To, co byłoby szokujące i dziwne, to nie to, że FBI osadziło informatorów i innych infiltratorów w grupach planujących zamieszki na Kapitolu 6 stycznia. To, co byłoby szokujące i dziwne - dziwaczne i niewytłumaczalne - to fakt, że FBI nie miało tych grup pod ścisłą kontrolą. A jednak sugestia, że informatorzy FBI mogli odegrać jakąś rolę w planowaniu zamieszek 6 stycznia, została natychmiast przedstawiona jako coś podobnego do, powiedzmy, teorii prawdy 9/11 lub pytań o rolę CIA w zabójstwie JFK, lub, jeszcze kilka tygodni temu, teorii przecieku z laboratorium COVID: jako coś, co z perspektywy poważnych kręgów, tylko ledwo zdrowy na umyśle, noszący czapkę z daszkiem szaleniec mógłby nawet rozważać.
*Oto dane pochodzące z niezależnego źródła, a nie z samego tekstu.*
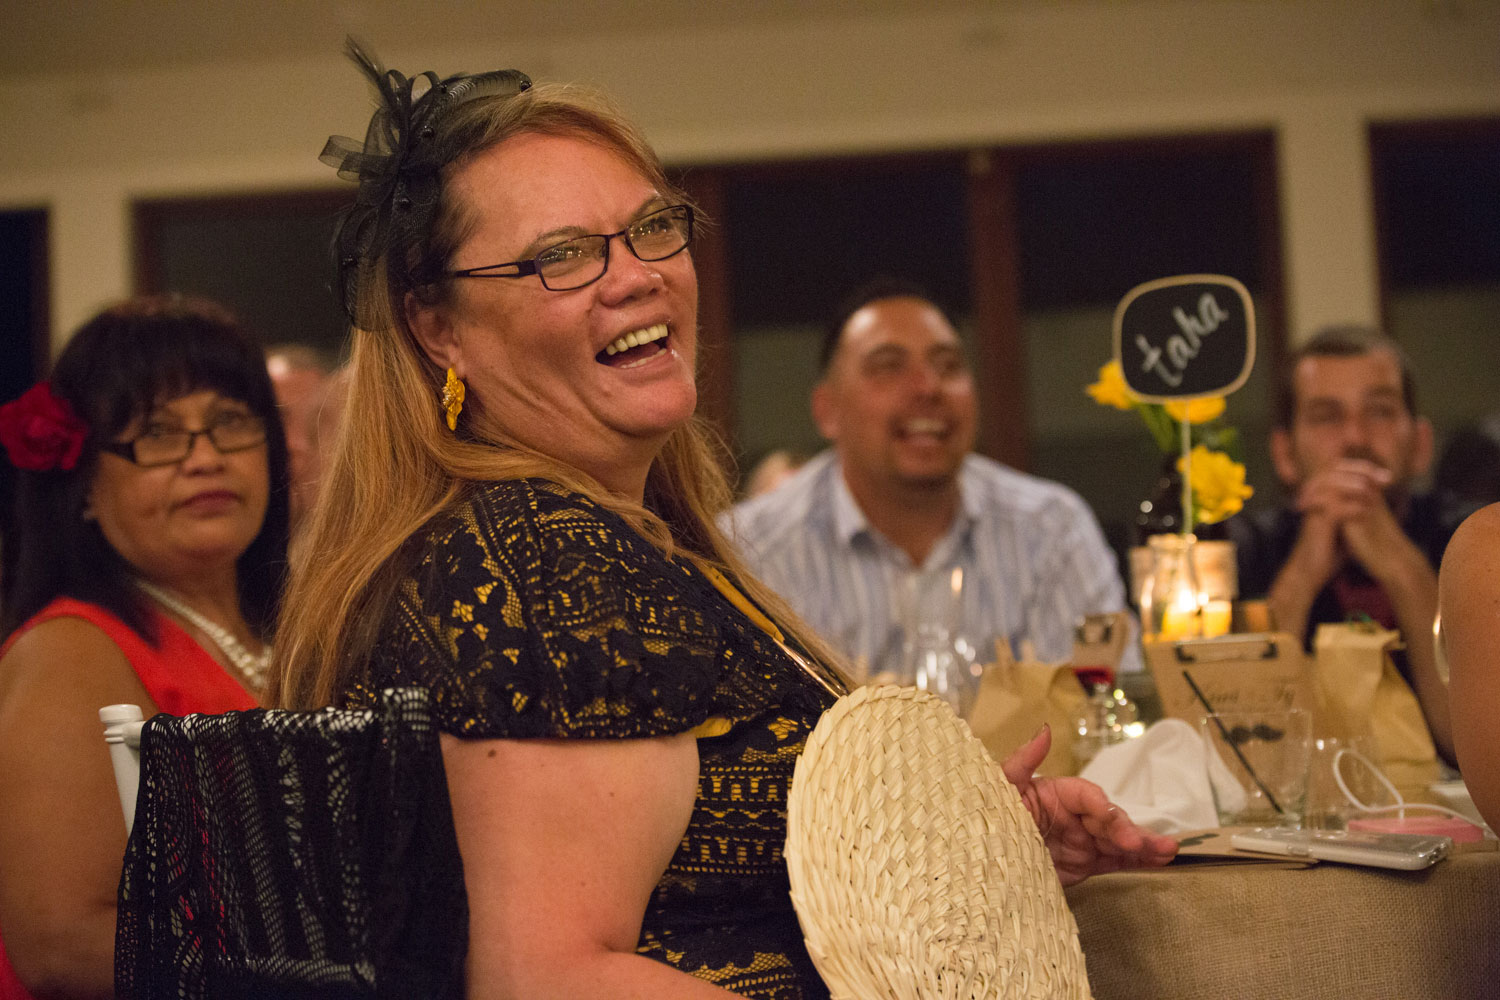 gracehill auckland wedding guest laughing

Ta reakcja jest szczególnie zdumiewająca, biorąc pod uwagę, jak często FBI robiło dokładnie to samo podczas pierwszej wojny z terroryzmem i jak powszechne były dyskusje na temat tej taktyki w liberalnych kręgach głównego nurtu. W ciągu ostatniej dekady relacjonowałem niezliczone przypadki dla The Guardian i The Intercept, w których FBI namierzało młodych amerykańskich muzułmanów, których postrzegało jako łatwych do zmanipulowania - ze względu na problemy finansowe, emocjonalne lub oba - a następnie rozmieszczało informatorów i tajnych agentów, by wmówić im, że zgadzają się dołączyć do spisków terrorystycznych, które zostały stworzone, zaprojektowane i sfinansowane przez samo FBI, a następnie pogratulować sobie rozbicia spisku, który sami zainicjowali. Jak zapytałem w jednym z nagłówków o szczególnie rażącym przypadku uwięzienia: "Dlaczego FBI musi produkować własne spiski, jeśli terroryzm i ISIS są tak poważnymi zagrożeniami?".
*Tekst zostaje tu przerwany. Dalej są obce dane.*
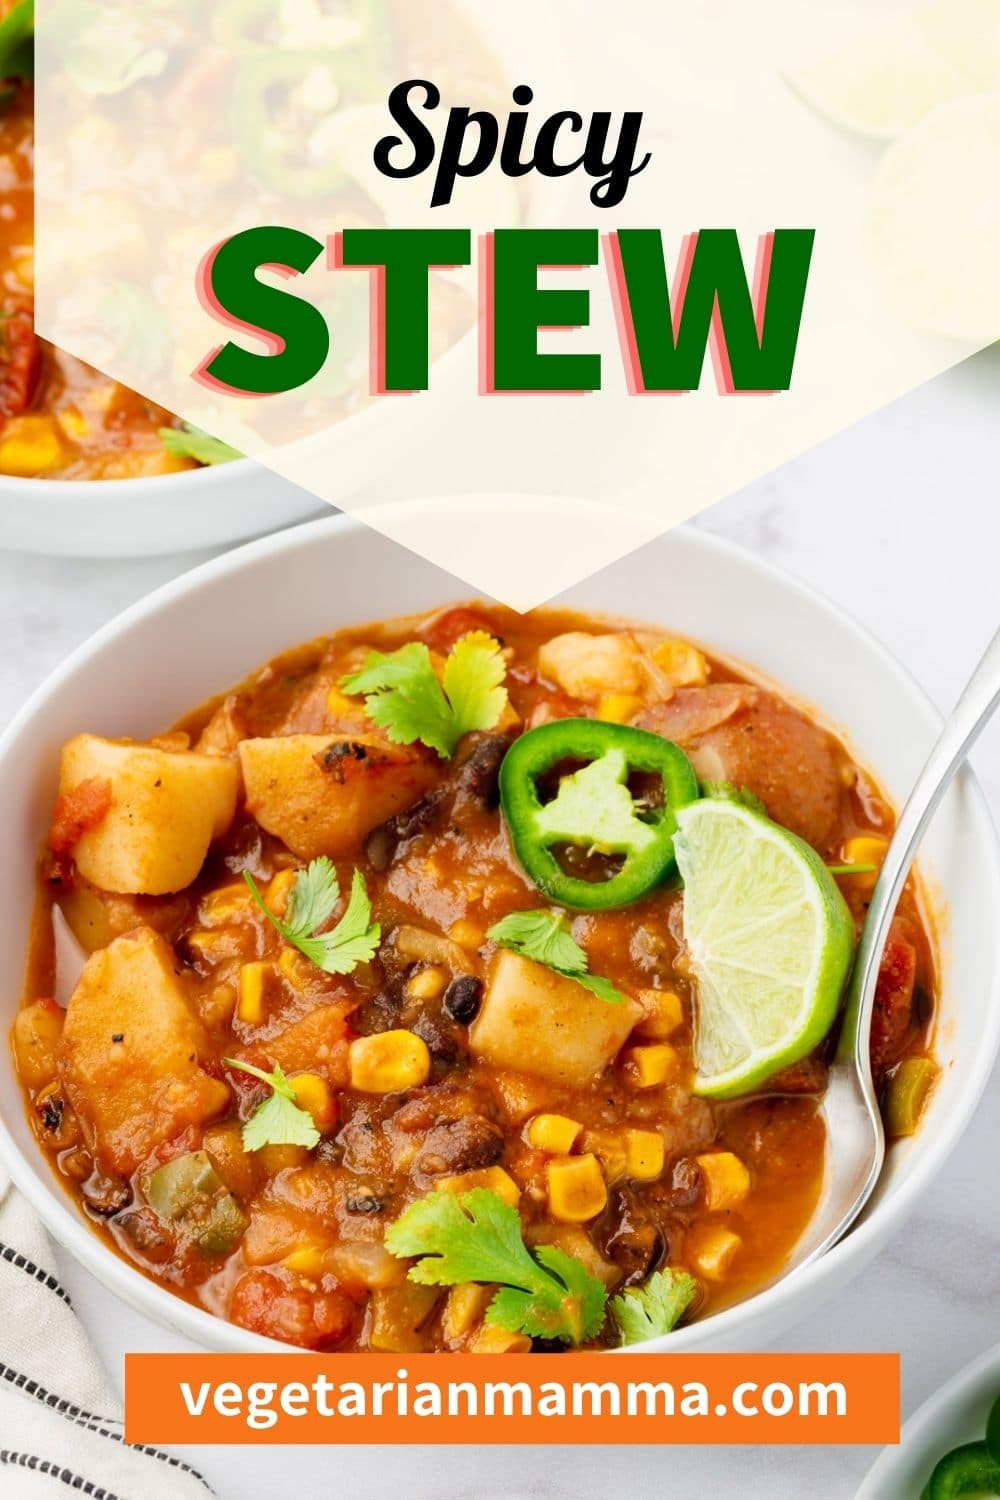 Spicy Stew will warm you up with flavor, spice and hearty ingredients. This spicy stew is simple to make and you will be begging for a second bowl! Adjust the heat of this spicy stew with adding or subtracting jalapeno peppers. | spicy stew | vegan stew | vegetarian stew | gluten free stew

W 2011 roku Mother Jones opublikował znakomite, długie śledztwo reportera Trevora Aaronsona, zatytułowane "The Informations", w którym pytano: "FBI zbudowało potężną sieć szpiegów, aby zapobiec kolejnemu atakowi krajowemu. Ale czy oni niszczą terrorystyczne spiski - czy też nimi kierują?". Aaronson pokrył liczne podobne przypadki dla The Intercept, gdzie FBI zaprojektowało, wyreżyserowało, a nawet sfinansowało działki terrorystyczne i inne pierścienie przestępcze, którymi następnie chwalili się, że zakłócają. Szeroko chwalony TEDTalk Aaronsona, który, według słów organizatorów, "ujawnia niepokojącą praktykę FBI, która rodzi spiski terrorystyczne poprzez wykorzystywanie muzułmańsko-amerykańskich osób z problemami psychicznymi", zawierał to centralne twierdzenie: "Istnieje organizacja odpowiedzialna za więcej spisków terrorystycznych w Stanach Zjednoczonych niż Al-Kaida, Al-Shabaab i ISIS razem wzięte: FBI".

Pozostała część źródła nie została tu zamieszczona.